Sometimes, kids are so committed to the notion that they have nothing to say that it's nearly impossible to help them find inspiration and meaning in their experiences, but usually it only takes a conversation or two to guide them toward a topic. 

That's kind of how it was today, and I heard a few great stories from my students as they worked. One boy told me that when his mother was a kid, her father was stationed in Taiwan and couldn't be with the family for Christmas. So he made a cassette recording of himself reading The Night Before Christmas which was a tradition for them. To this day, the family still listens to that recording when they get together at the holidays. "I never even met my grandfather," the boy told me, "but I hear his voice every year."
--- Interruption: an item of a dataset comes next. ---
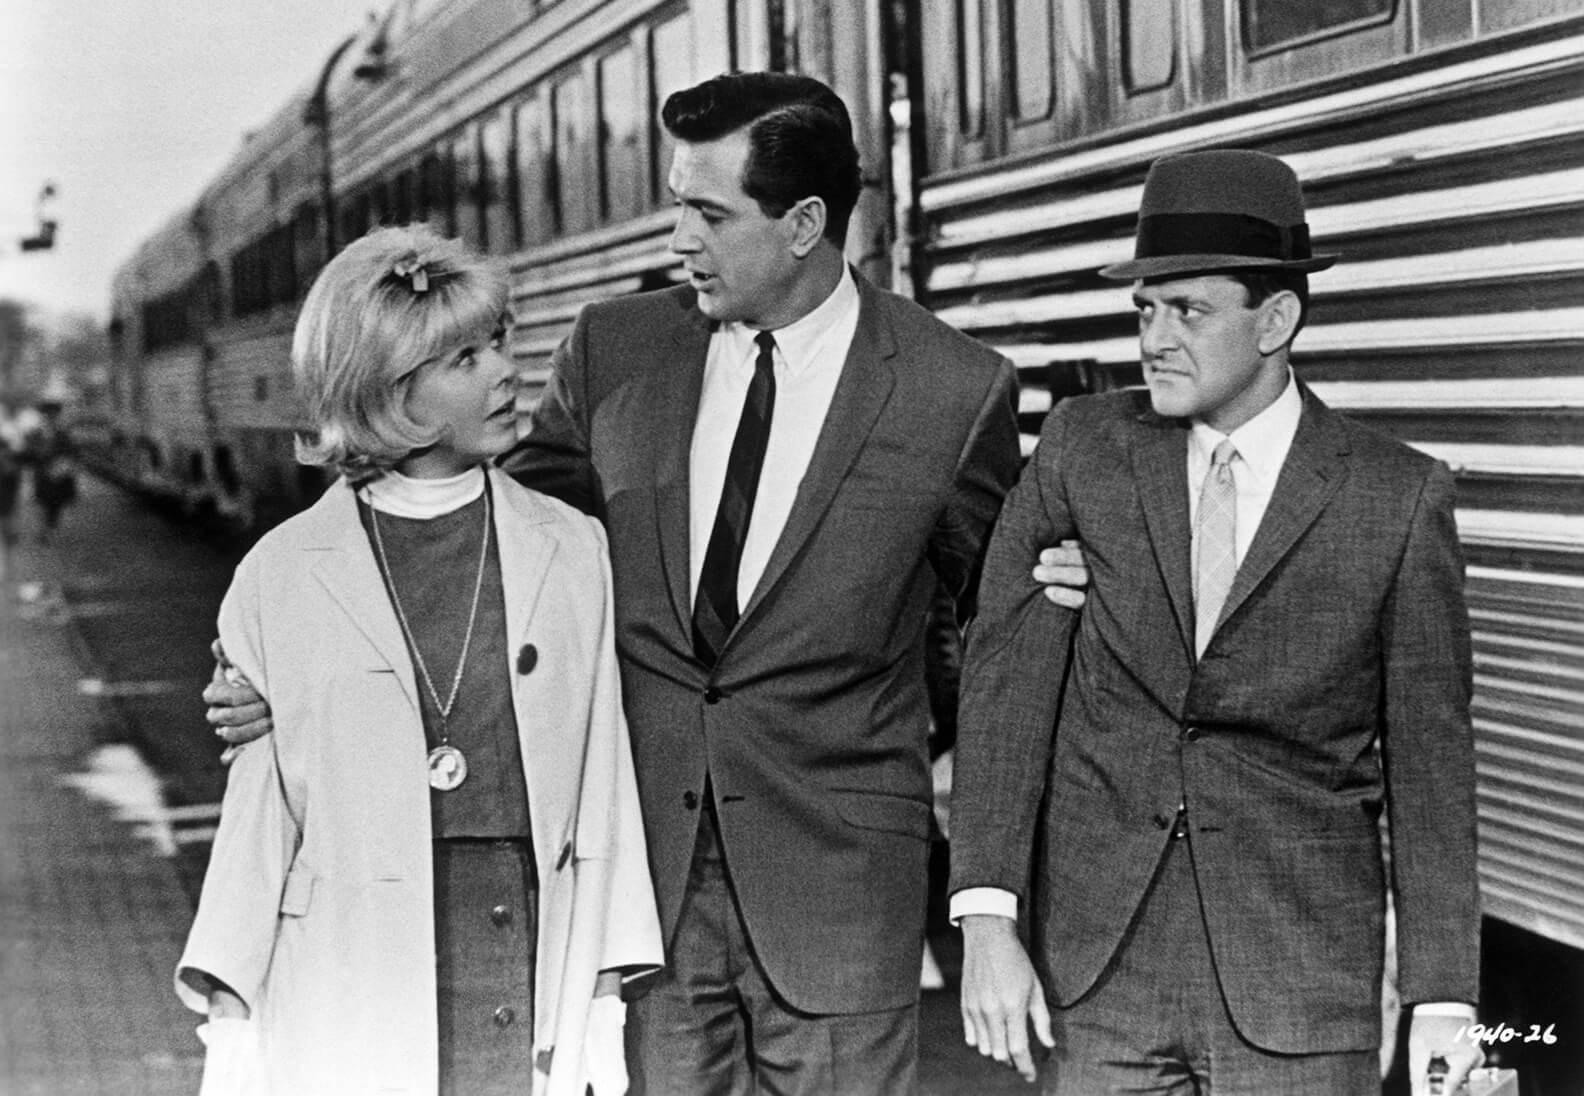 Das »brave Frauchen« – Das Trio Doris Day, Rock Hudson, Tony Randall

Another student was stuck for an idea until we started talking about spirit days in school. Then she remembered the time in kindergarten when she got her days mixed up and was the only one who went to school with crazy hair. To her credit, she could laugh about it, but she's always very careful about her spirit days now.

And then there was the kid who told me he was starting a new trend. "What do you mean?" I asked and he pointed to the floor. He was wearing his shoes on the wrong feet. "Why would you do that?" I asked him.

"I like it!" he told me.

I could see his big toes poking the sides of his shoes. "Isn't it uncomfortable?" I said.

"Only if you can't take a little tightness," he replied, "but it's worth it to be different."

"Can I write about that?" another student asked.

Thursday, May 20, 2021

I'd Buy You a Monkey

Today is National Be-a-Millionaire Day. The premise of the occasion is to encourage people to start saving and investing now, so that one day they might have a million bucks or more. 

If, at the age they are now, the sixth graders in my class could somehow save a couple of hundred dollars a month, they would be millionaires by age 50 (assuming an average 10% return on their investments), but the question of the day today was, What would you do with a million bucks? 

We listened to The Barenaked Ladies singing If I Had a Million Dollars for inspiration as they considered their replies, and I was a little bit surprised and moved at the number of kids who would give a lot of the cash away to charity or people in need. Many would choose to save it for college, or give it to their parents or family. Of course some would use it for games or clothes or cars, but in general, it seemed like that amount of money was too large for most kids to even imagine spending it all on themselves. 

"I really wish a million dollars would fall into my lap!" one student sighed at the end of our conversation.

"Yeah, but it would probably break your legs," said his buddy, not really joking. "Especially if it was in coins."